Nucci a cavallo (Foto Tabocchini/Gironella)


Giuseppe VERDI (1813-1901)

NABUCCO

Opéra en quatre actes
Livret de Temistocle Solera

Mise en scène, décors, costumes et lumières: Denis Krief
Chorégraphie: Maria Grazia Garofoli

Nabucco: Leo Nucci
Ismaele: Giorgio Casciarri
Zaccaria: Silvano Carroli
Abigaille: Andrea Grüber
Fenena: Nino Surguladze
Il Grand Sacerdote di Bello: Carlo Striuli
Abdallo: Angelo Casertano
Anna: Patrizia Cigna

 Orchestre, Choeurs et corps de ballet de l'Arena di Verona

Direction Musicale: Daniel Oren

Vérone, 10 août 2007

1/2

S'il n'en reste qu'un... ou le triomphe de Nucci


Cette année le Festival de Vérone proposait, à côté des reprises de La Bohème et de La Traviata, trois nouvelles productions : Aïda, Le Barbier de Séville et ce Nabucco mis en scène par Denis Krief qui a signé également les décors, les costumes et les éclairages. (1)

Tournant le dos aux habitudes de ce festival qui présente généralement des productions on ne peut plus traditionnelles, Krief joue la carte de l'abstraction et de la sobriété, une sobriété toute relative, certes, compte tenu des dimensions du lieu. Ainsi, le décor est constitué de deux éléments. Au centre, une gigantesque structure métallique blanche formée de trois polygones irréguliers à l'intérieur desquels sont disposées de nombreuses passerelles, représente le domaine des Hébreux. Au premier acte, elle évoque le temple de Salomon. Lors de sa mise à sac, les livres gigantesques disposés sur les passerelles, symbole de civilisation et de culture, s'effondrent bruyamment. Changeant de couleur au gré des éclairages, elle sera rouge sang pendant le grand air d'Abigaille et grisâtre, au trois lorsqu'elle se transforme en prison pour le choeur des Hébreux. Sur la droite, une autre structure, de couleur dorée, constituée de panneaux verticaux arrondis figure la puissance des Assyriens.
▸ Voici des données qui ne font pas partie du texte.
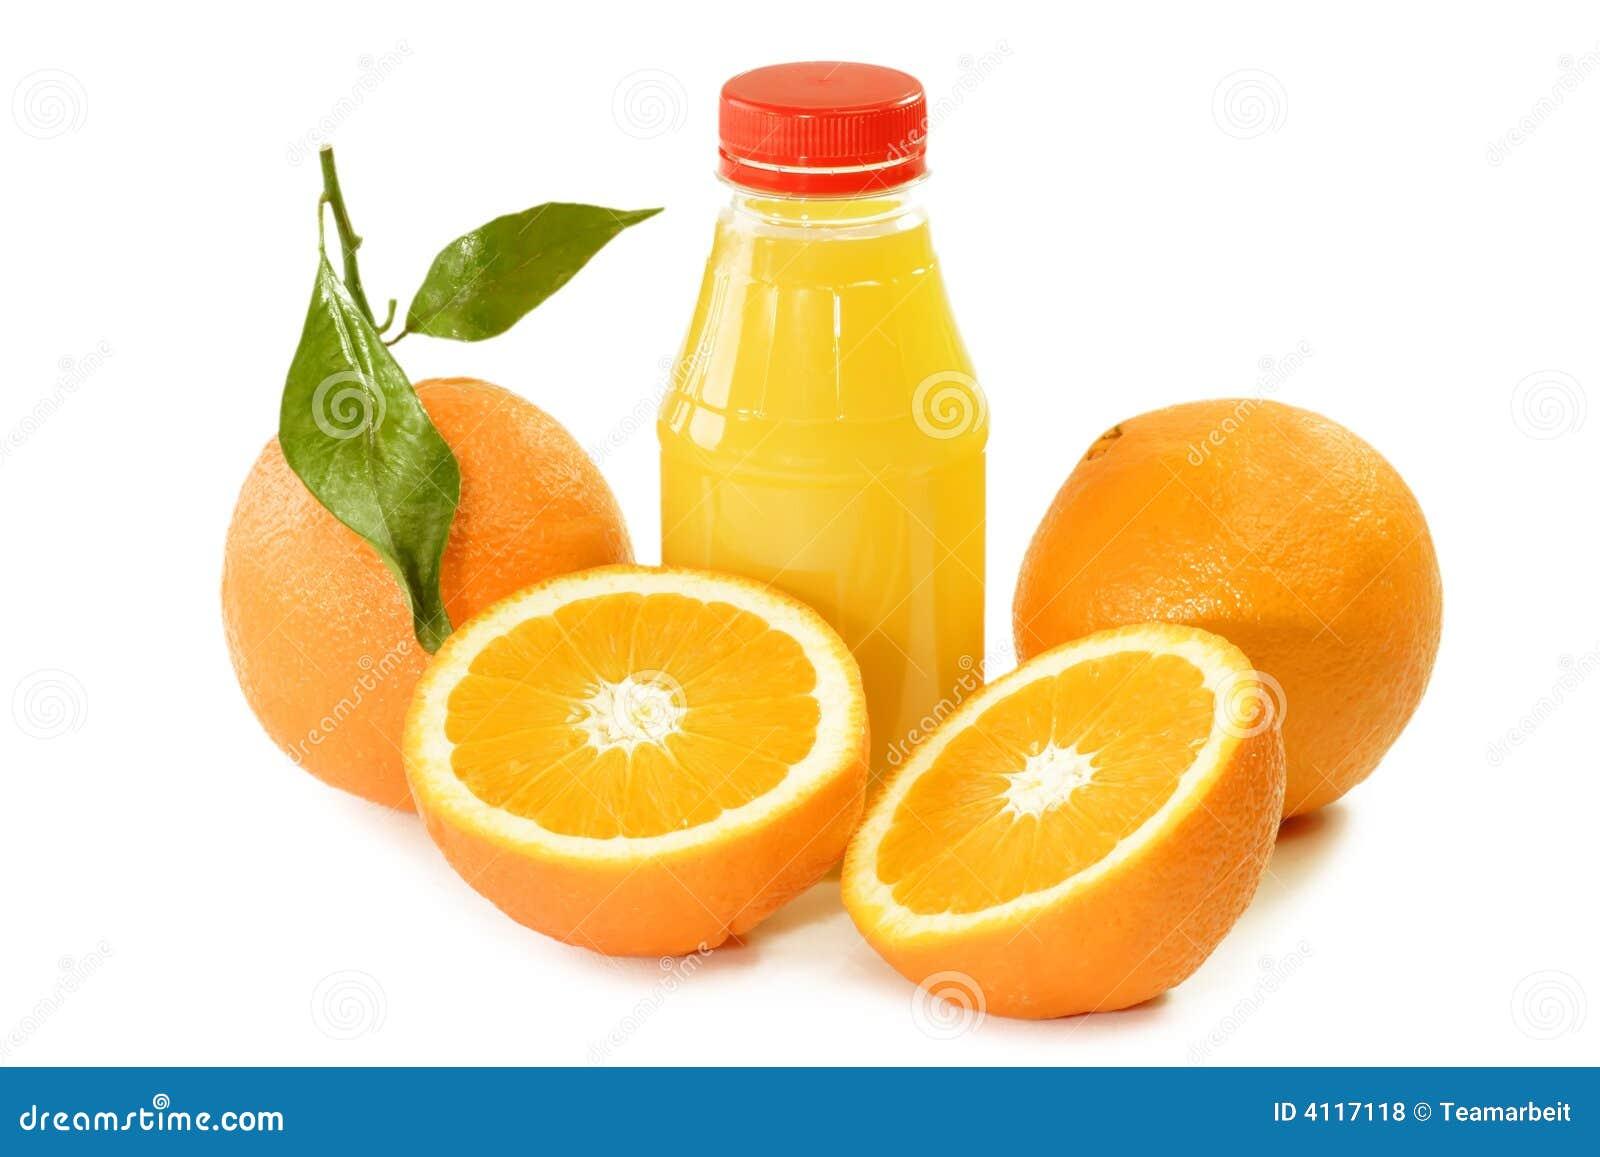 jus d 39 orange dans une bouteille photo stock image du nutrition orange 4117118. Black Bedroom Furniture Sets. Home Design Ideas
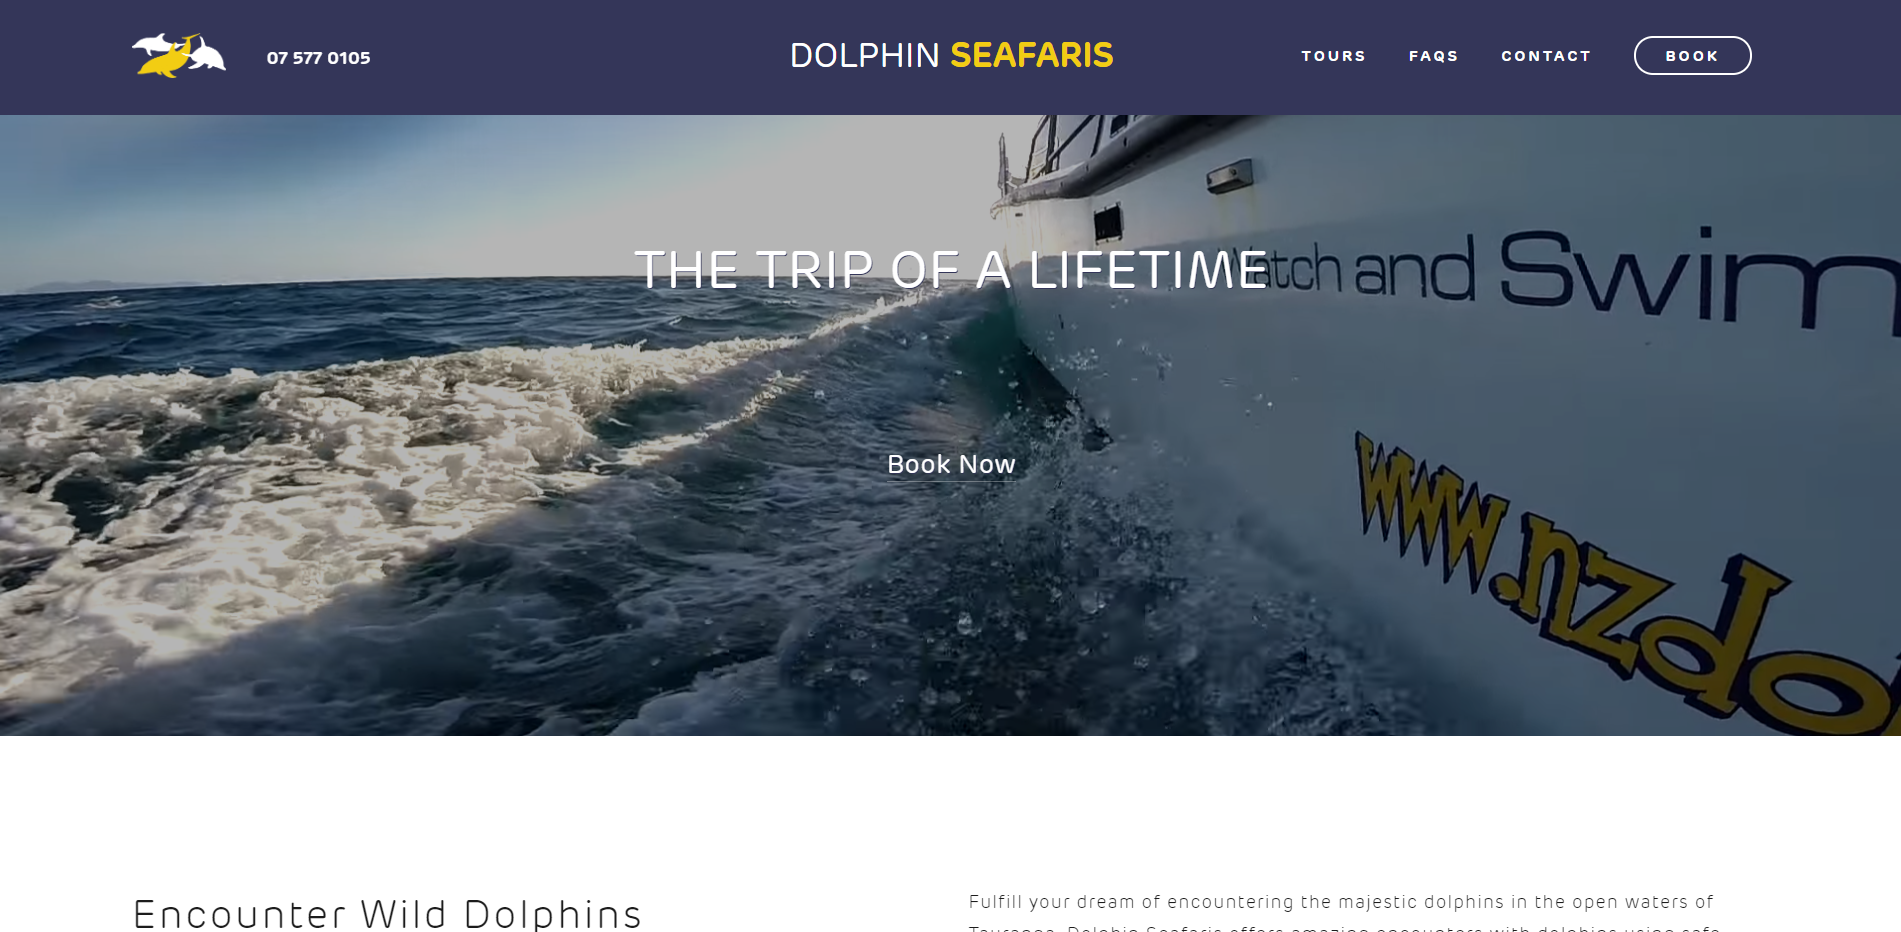 dolphin seafaris website design.PNG

Les mouvements de foule sont réglés avec une grande précision tout comme la direction d'acteurs extrêmement fluide et toujours en situation. Bref, une mise en scène intelligente et lisible qui démontre que l'on peut "faire moderne" sans sombrer dans le "trash" ou la provocation gratuite.


Nino Surguladze, Leo Nucci, Maria Guleghina (Foto Tabocchini/Gironella)


Des seconds rôles fort bien tenus, se détache Carlo Striuli dont la voix solide et sombre sied au Grand prêtre de Baal.

La mezzo-soprano géorgienne Nino Surguladze, dotée d'un timbre clair et homogène campe une Fenena extrêmement touchante. A ses côtés, Giorgio Casciarri est un Ismaele lyrique à l'aigu brillant.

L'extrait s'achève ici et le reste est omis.